→ **Aim of the task**
Within this listing, how many lines carry the string "Images"? State the number only.

→ **Dataset excerpts**
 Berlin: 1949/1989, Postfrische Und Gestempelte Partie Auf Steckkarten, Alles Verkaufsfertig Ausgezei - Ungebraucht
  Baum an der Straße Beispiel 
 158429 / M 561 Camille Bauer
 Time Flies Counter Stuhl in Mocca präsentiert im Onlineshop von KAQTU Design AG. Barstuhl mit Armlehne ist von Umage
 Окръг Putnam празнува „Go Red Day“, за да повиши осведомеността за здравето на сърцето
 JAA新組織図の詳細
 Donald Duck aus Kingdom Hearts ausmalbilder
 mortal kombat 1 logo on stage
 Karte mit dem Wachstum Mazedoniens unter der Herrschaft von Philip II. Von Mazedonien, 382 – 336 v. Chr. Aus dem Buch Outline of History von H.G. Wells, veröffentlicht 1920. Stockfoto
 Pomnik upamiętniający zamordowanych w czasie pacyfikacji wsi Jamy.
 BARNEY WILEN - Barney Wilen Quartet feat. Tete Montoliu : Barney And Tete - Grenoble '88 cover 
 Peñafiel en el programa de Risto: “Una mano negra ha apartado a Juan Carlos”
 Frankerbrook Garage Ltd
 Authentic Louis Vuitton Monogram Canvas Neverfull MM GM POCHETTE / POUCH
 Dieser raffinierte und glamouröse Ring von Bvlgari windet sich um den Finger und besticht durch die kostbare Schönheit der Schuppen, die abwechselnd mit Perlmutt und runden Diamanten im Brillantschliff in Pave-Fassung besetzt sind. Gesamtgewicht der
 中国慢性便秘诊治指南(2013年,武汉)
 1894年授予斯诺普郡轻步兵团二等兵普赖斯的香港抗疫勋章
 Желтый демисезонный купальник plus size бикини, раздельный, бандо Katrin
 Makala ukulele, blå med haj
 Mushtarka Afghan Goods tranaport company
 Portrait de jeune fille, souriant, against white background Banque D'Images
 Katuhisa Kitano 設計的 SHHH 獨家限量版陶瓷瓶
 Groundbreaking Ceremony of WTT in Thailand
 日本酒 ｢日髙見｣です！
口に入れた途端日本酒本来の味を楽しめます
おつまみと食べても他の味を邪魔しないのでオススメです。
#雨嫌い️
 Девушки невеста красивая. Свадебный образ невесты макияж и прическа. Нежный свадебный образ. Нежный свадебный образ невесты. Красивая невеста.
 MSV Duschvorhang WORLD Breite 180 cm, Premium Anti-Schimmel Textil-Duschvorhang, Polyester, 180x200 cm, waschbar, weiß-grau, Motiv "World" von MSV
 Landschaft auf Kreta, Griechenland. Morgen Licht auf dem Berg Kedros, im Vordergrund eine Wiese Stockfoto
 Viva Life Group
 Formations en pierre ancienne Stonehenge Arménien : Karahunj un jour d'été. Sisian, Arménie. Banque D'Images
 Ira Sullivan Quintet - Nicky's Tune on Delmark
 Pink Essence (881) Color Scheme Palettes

→ **Answer to this problem**
2